* **EXERCISE DIRECTIONS**: Return exactly, please, the line that contains "Primitive Skate Wallpaper" and every line after it through the end of the material that follows, leaving pictures aside.

* **PROVIDED MATERIAL**:
#####
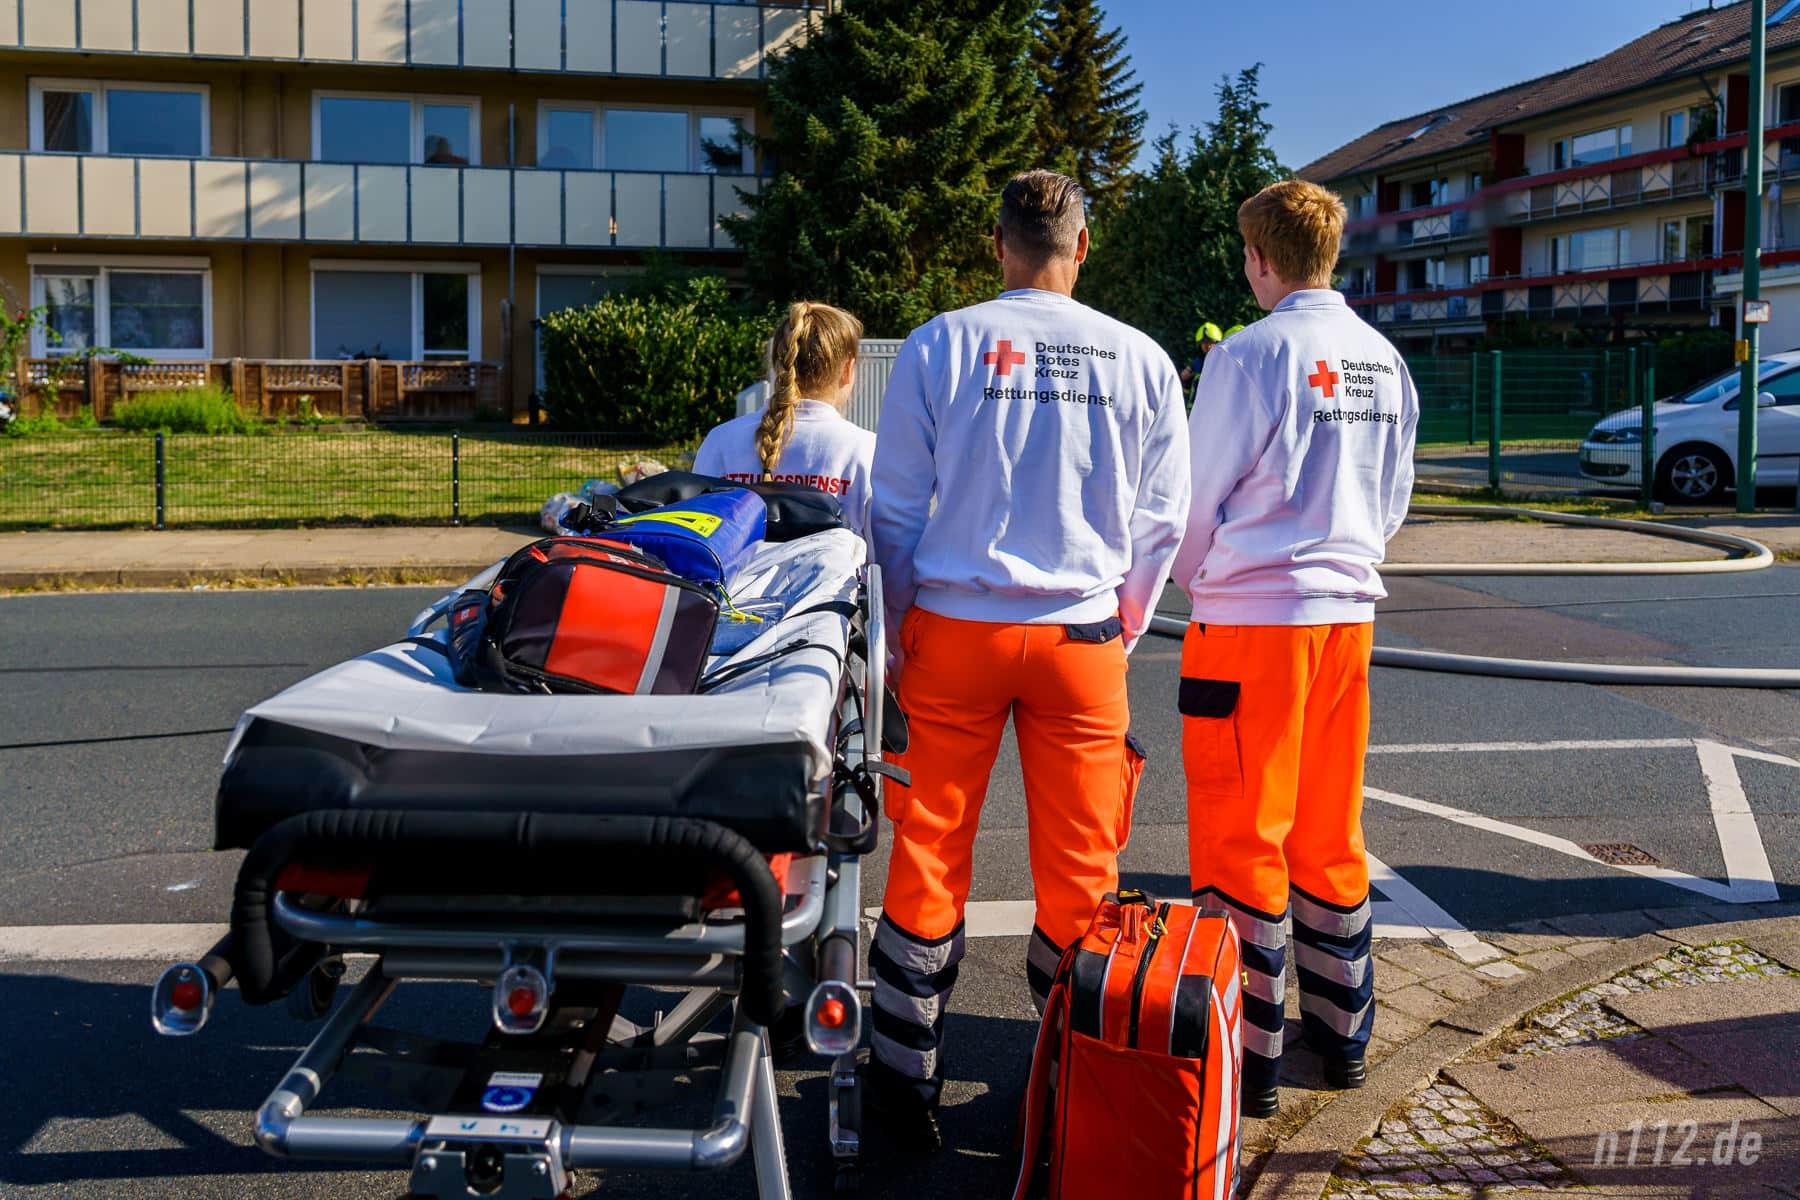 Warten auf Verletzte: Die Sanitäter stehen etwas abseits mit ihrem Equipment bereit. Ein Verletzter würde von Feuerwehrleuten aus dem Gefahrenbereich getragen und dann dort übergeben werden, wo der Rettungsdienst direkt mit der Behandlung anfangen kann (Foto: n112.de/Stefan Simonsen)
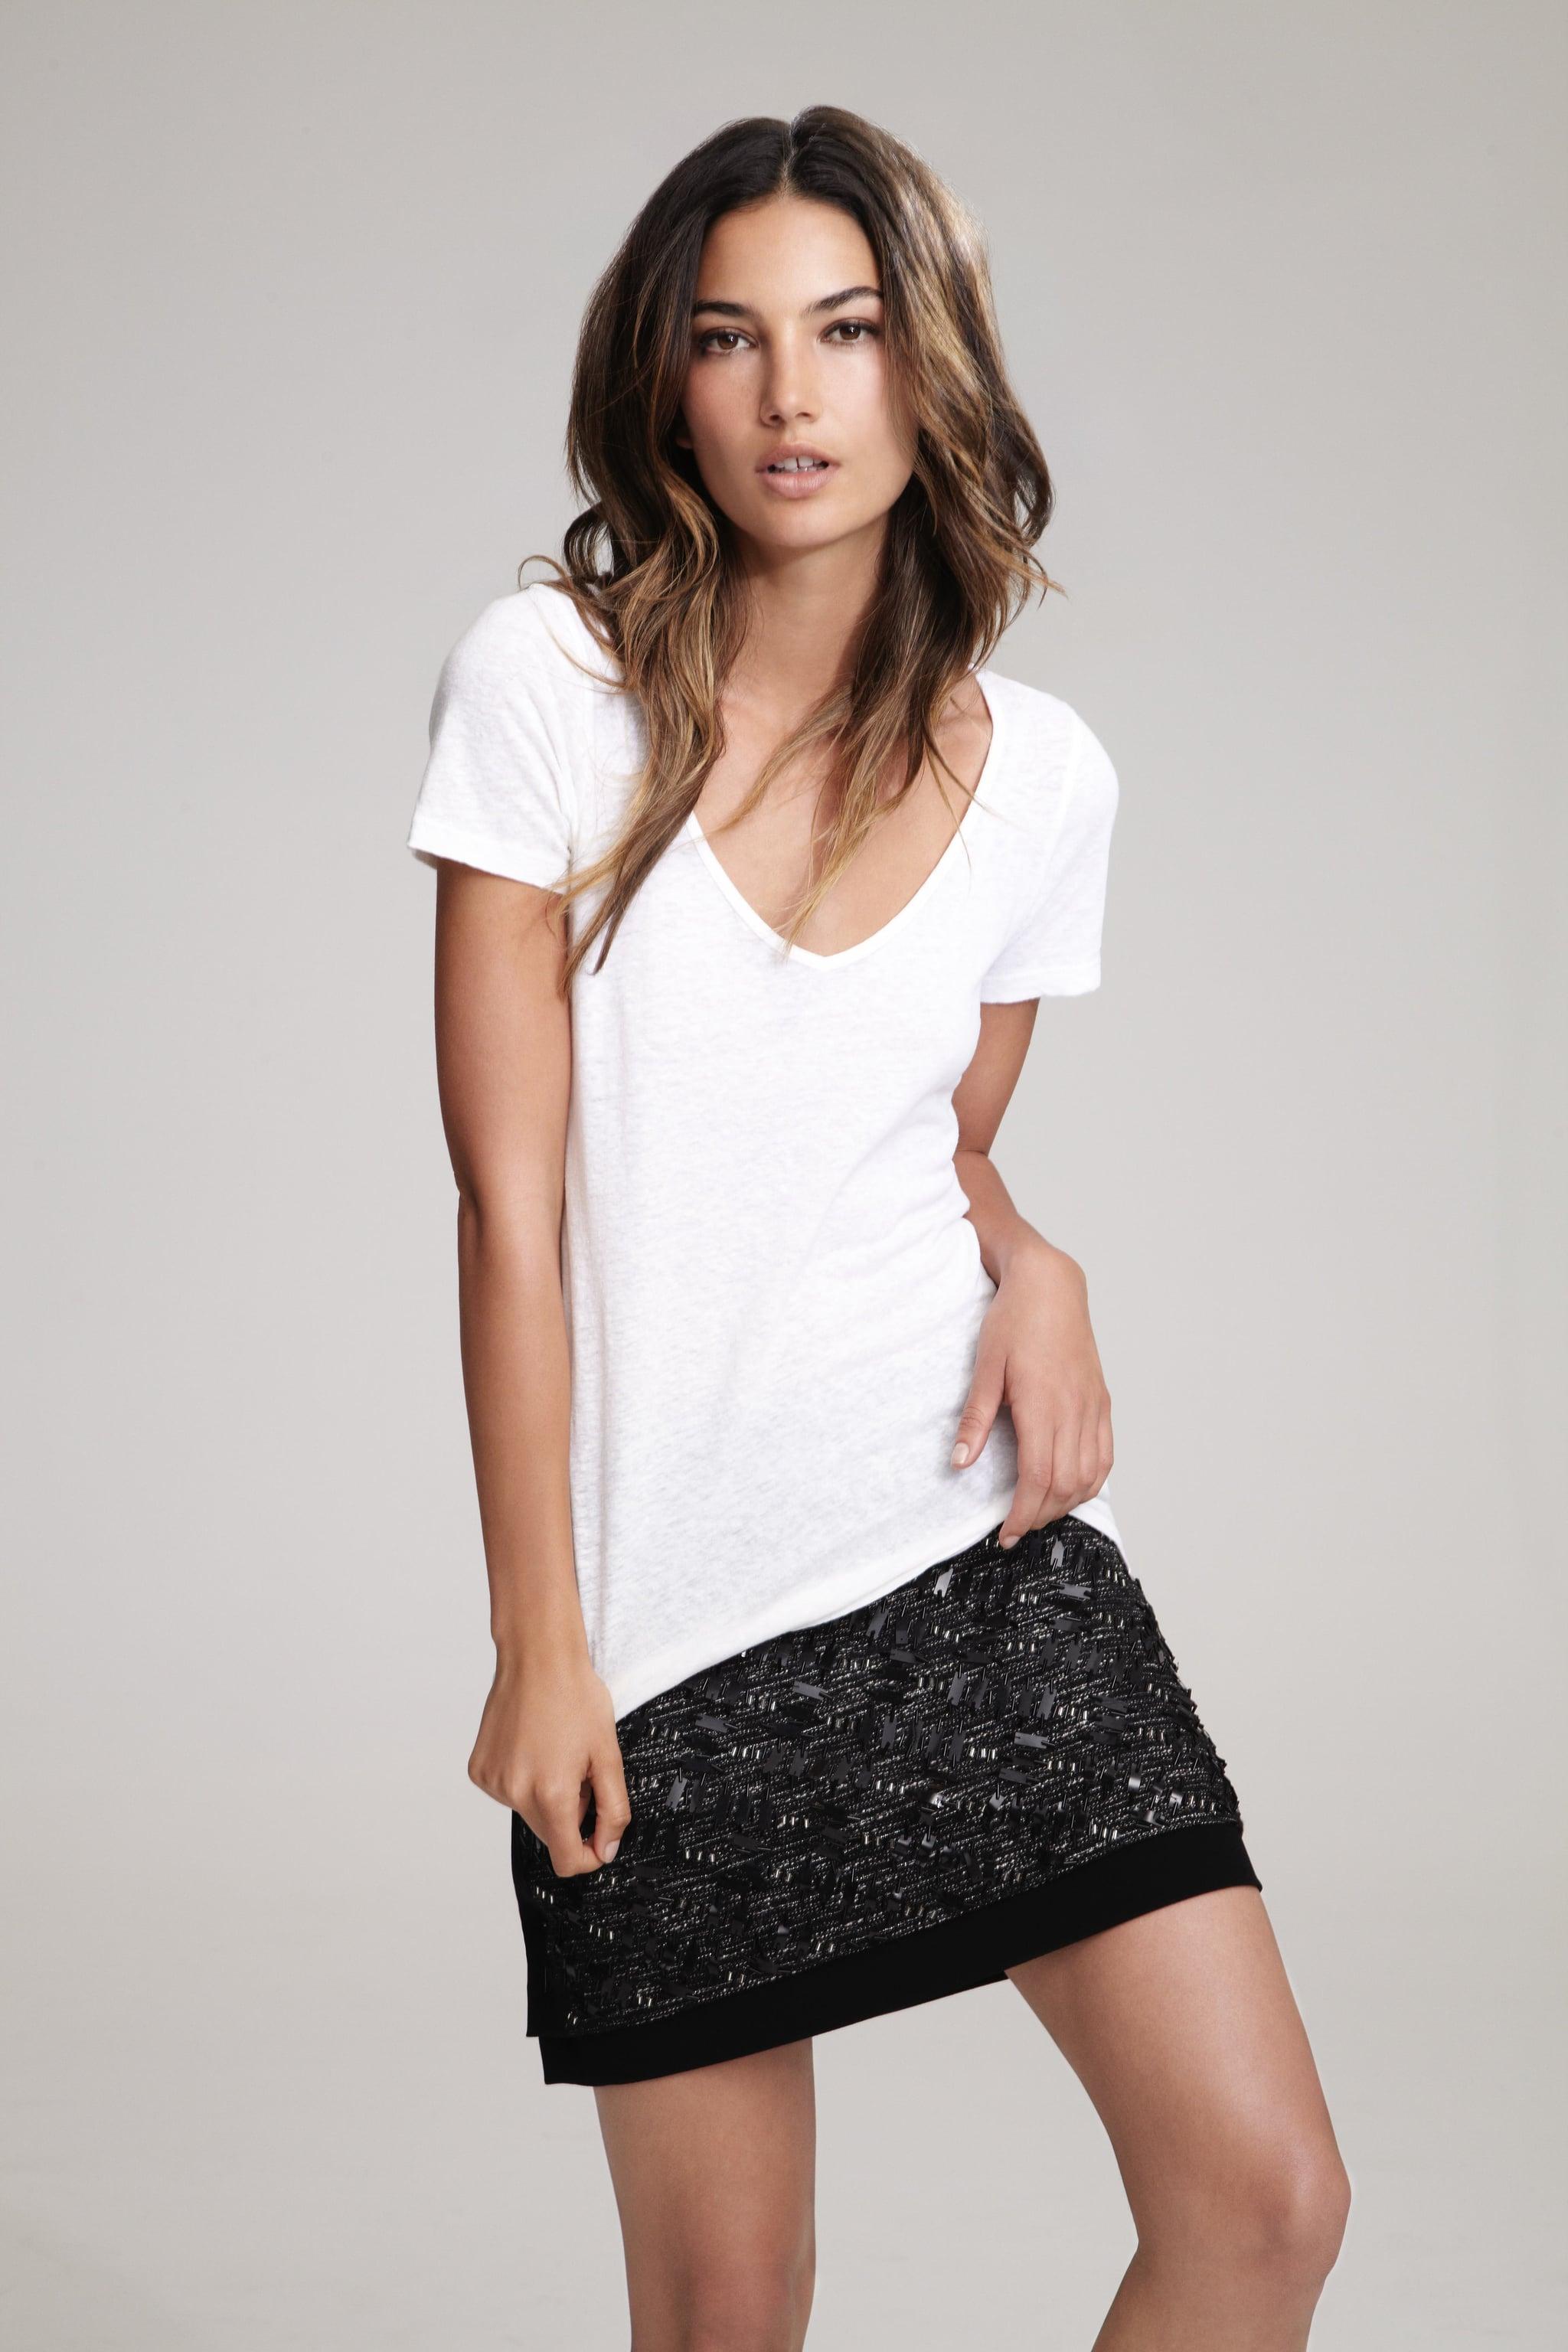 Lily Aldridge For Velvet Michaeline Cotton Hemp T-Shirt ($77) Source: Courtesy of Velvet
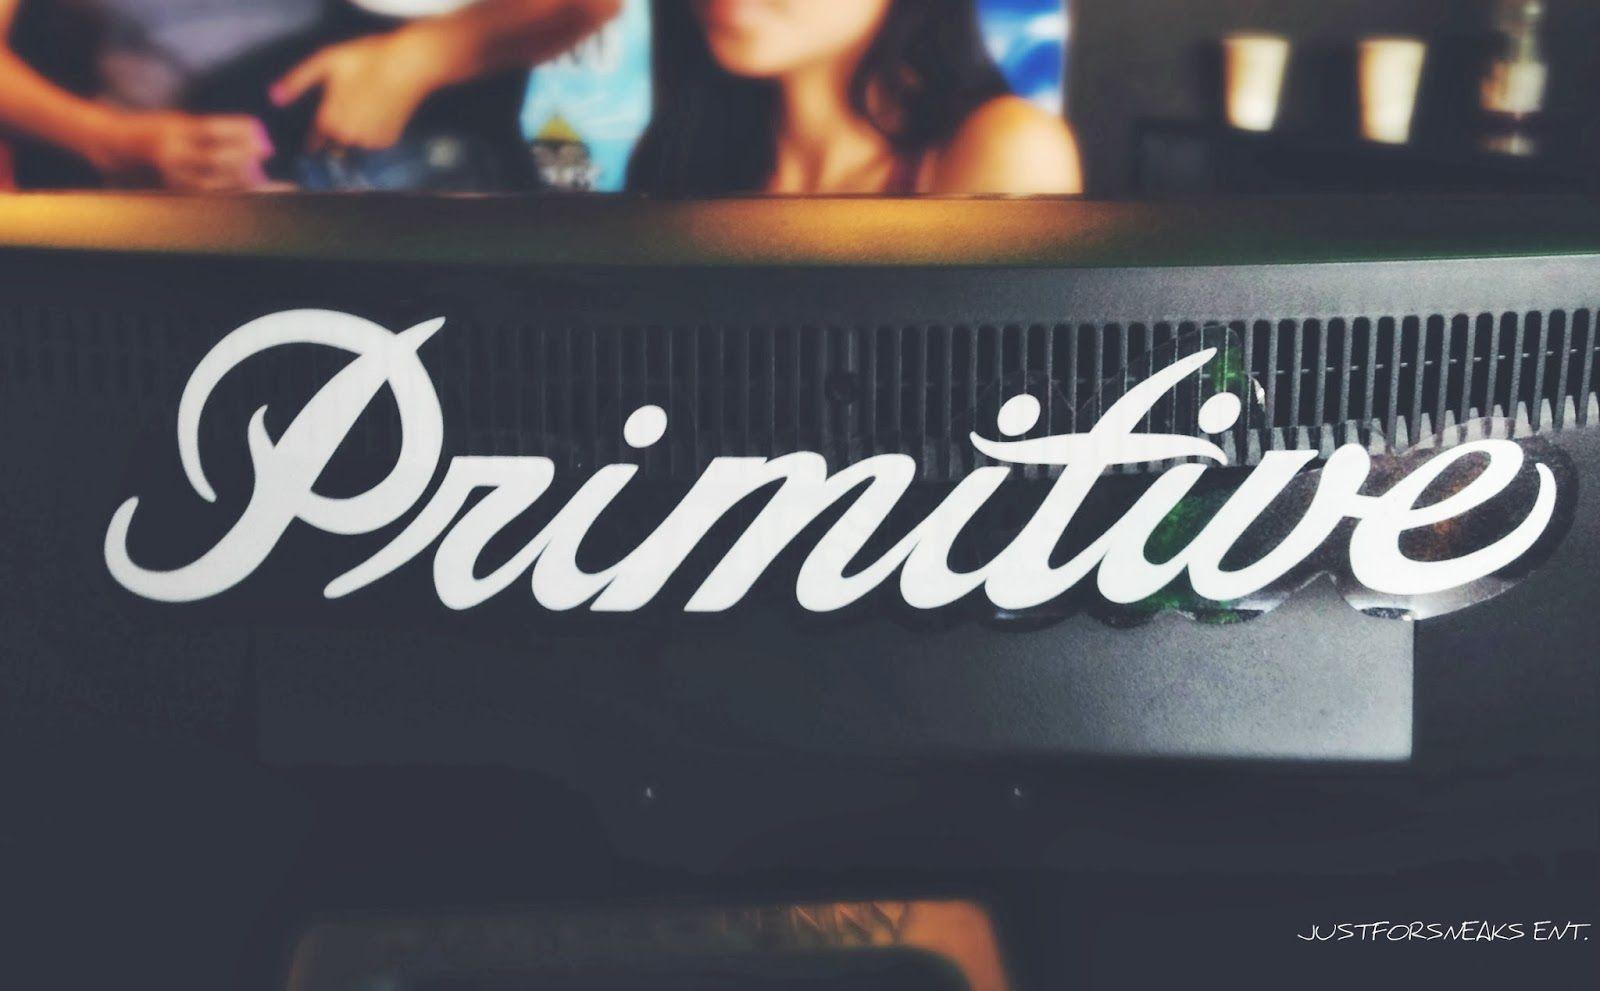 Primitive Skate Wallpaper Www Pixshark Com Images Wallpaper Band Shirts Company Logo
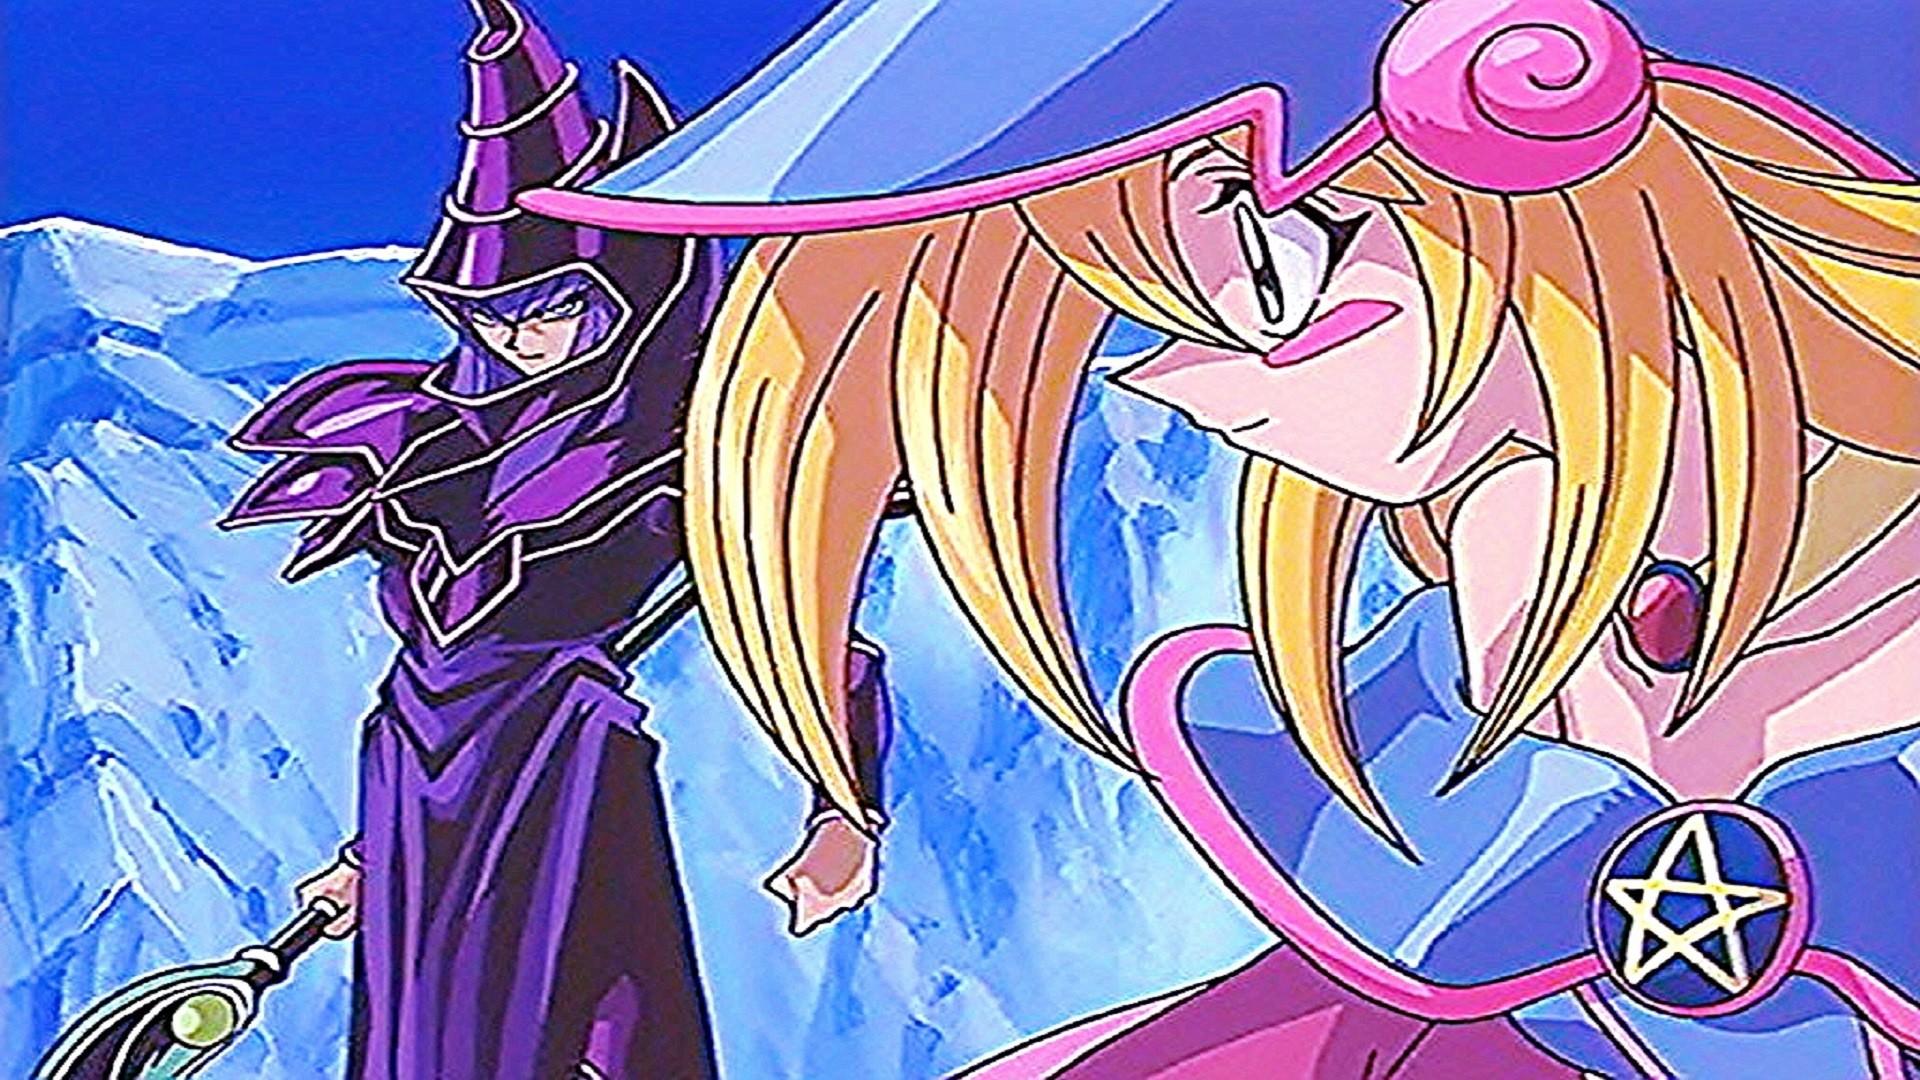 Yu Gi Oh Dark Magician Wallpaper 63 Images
#####
* **ANSWER BELOW**:
 Primitive Skate Wallpaper Www Pixshark Com Images Wallpaper Band Shirts Company Logo
 Yu Gi Oh Dark Magician Wallpaper 63 Images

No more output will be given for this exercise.